Gillette did change Holmes somewhat. He portrayed a Holmes that was much more open and less emotionally repressed than the story-book Holmes, but he didn't go so far as to actually have him in a relationship. He re-wrote Conan Doyle's original play as a shorter four-act version, and in modern parlance, it was a smash hit--although it was not particularly praised by critics of the time (again--typical). He continued to perform the play Sherlock Holmes - A Drama in Four Acts for the rest of his life, putting on some 1,300 shows during the course of 34 years.

It was Gillette who originally introduced the apocryphal and non-canonical phrase "Oh, this is elementary, my dear Watson," which was later shortened to the familiar "Elementary, my dear Watson" in numerous movies. Gillette was also responsible for the erroneous image of Holmes with a calabash pipe. He had to use a curved pipe rather than a more authentic straight pipe because it was easier to speak with it. A curved pipe has a lower center of gravity and hangs more comfortably, and is easier to "speak around" without removing it from the mouth. The deeper the bend, the lower the center of gravity. A straight pipe will tend to bounce around somewhat uncontrollably while speaking.
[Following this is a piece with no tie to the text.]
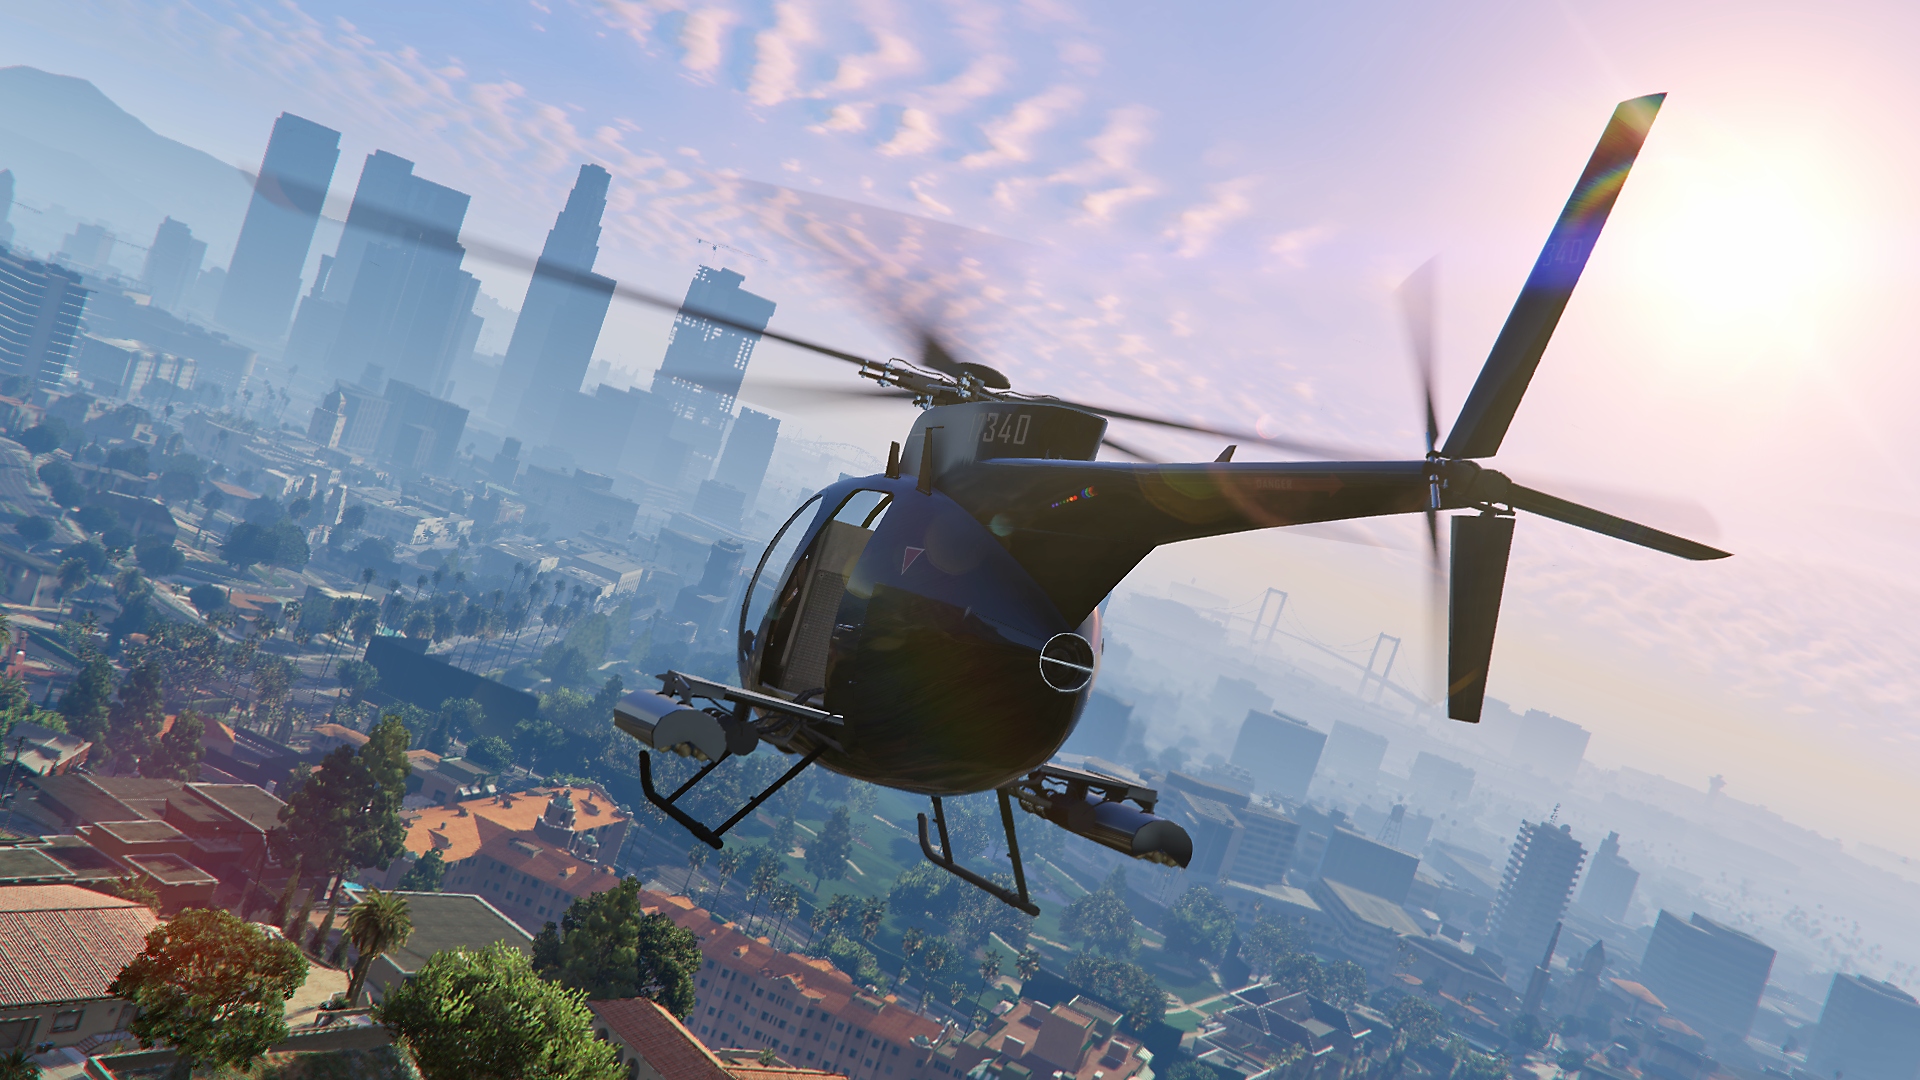 Grand Theft Auto V-screenshot van een vliegende helikopter, met op afstand een uitzicht over de stad

The original script for his play was destroyed in a fire, but he re-wrote it again from memory. He also served as the model for numerous illustrations of Holmes used in periodicals of the time. In 1916, he starred as Holmes in a film version of his play. Of course, it was a silent movie. His play was filmed again in 1922 starring John Barrymore as Holmes. Gillette last portrayed Holmes in his play's final performance in 1932, five years before his death.

And based on what I have read of him, he was a pipe smoker off-stage, as well. Notice the smoke in the above photographs.
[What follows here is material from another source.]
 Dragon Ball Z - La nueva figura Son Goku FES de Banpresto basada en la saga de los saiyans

Gillette was also known for his enormous castle on the Connecticut River, which he patterned after an ancient Norman castle. It took five years to build, and when it was completed in 1919 it had cost 1 million U.S. dollars (the equivalent of more than 12 million dollars today). He also had a train with a three-mile track that circumnavigated the estate. The castle is now part of Gillette Castle State Park. One of his frequent guests was fellow pipe smoker Albert Einstein. He was also very fond of riding his motorcycle.
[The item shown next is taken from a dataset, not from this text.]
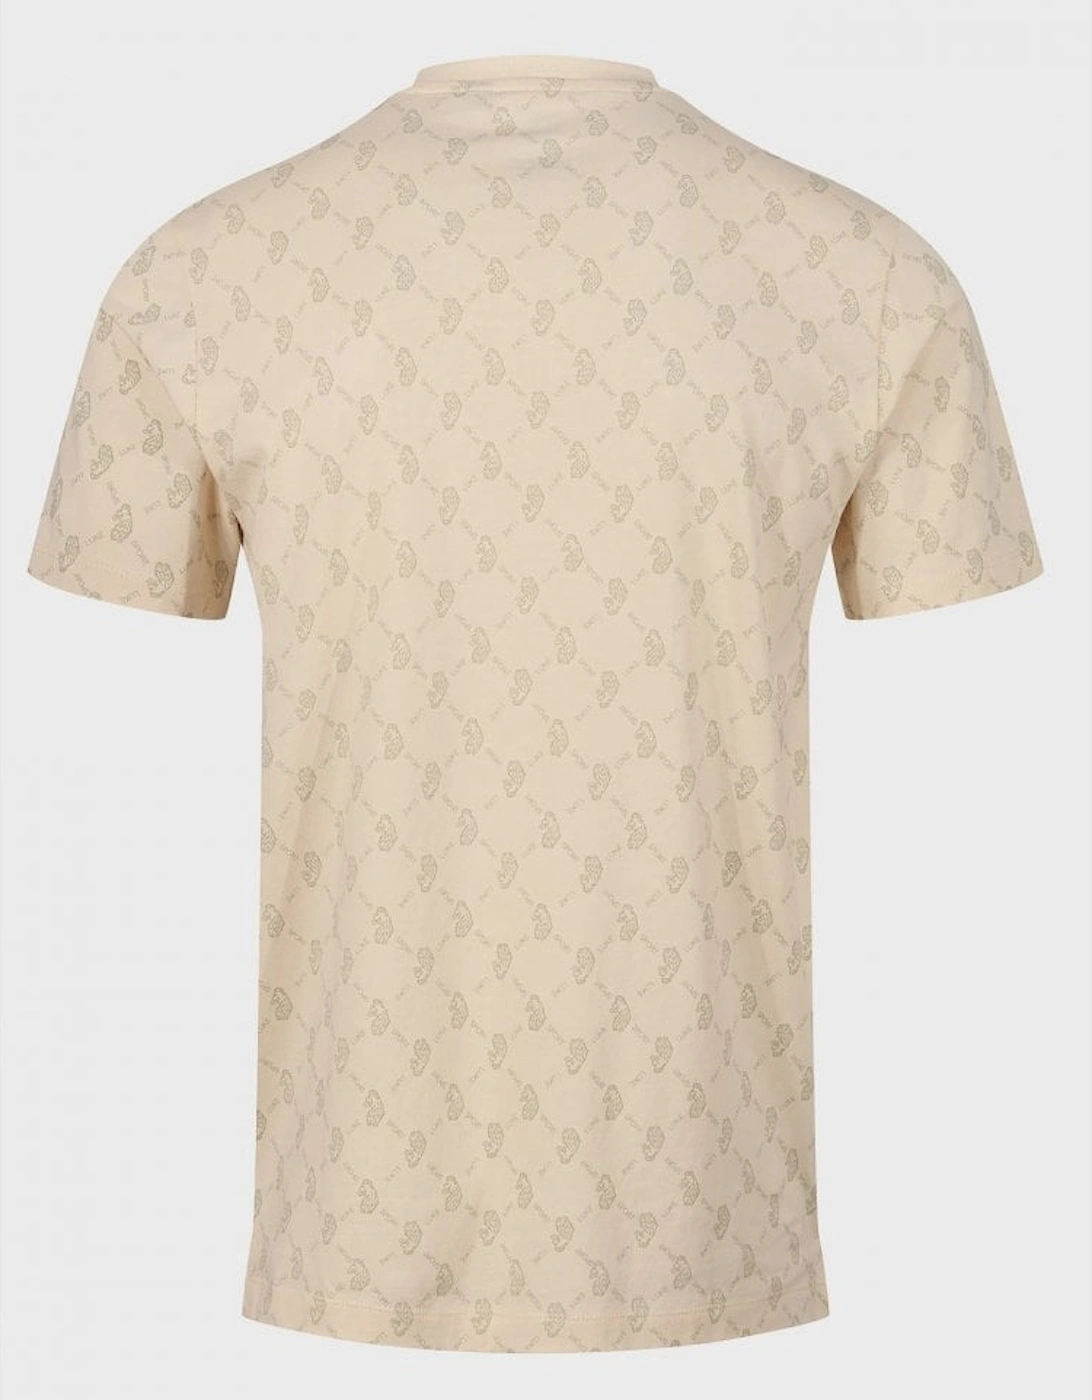 LUKE1977 Lineker Overprint T-Shirt - Ecru

William Gillette died of a pulmonary hemorrage in 1937.

1 comment:

  1. I just yesterday bought a book, "Teller of Tales: The Life of Arthur Conan Doyle", by Daniel Stashower, published in 1999. According to him, Gillette did write Holmes with a love interest, and this agrees with the revival I've seen on TV starring Frank Langella as Holmes. Furthermore, the following paragraph should interest you:

    "Legend holds that Gillette also introduced the familiar curved-stem calabash pipe, which was to become such a familiar totem. The actor was himself a dedicated pipe smoker and relished the opportunity to smoke onstage. According to received wisdom, Gillette settled on the calabash because its shape and balance allowed him to 'talk around' the pipe. Actually, there is no evidence that Gillette ever used a calabash, and the pipe's weight would have made it an unwieldy stage prop. Gillette seems to have favored a lighter, bent-stem briar. It has recently been suggested, in the pages of The Baker Street Journal, that the famed calabash may originally come to light as an oversized comedy prop. In a handful of comedy shorts from the 1930s and 1940s, calabashes are found in the hands of Holmes impersonators who did not share Gillette's reverence for the character--such as Abbott and Costello, Robert Woolsey, and the Three Stooges."

    Which seems rather circumstantial, either way. If it was not established somewhere (and Gillette was the most famous personator of Holmes, especially in America), why was such an image so widely accepted and recognized?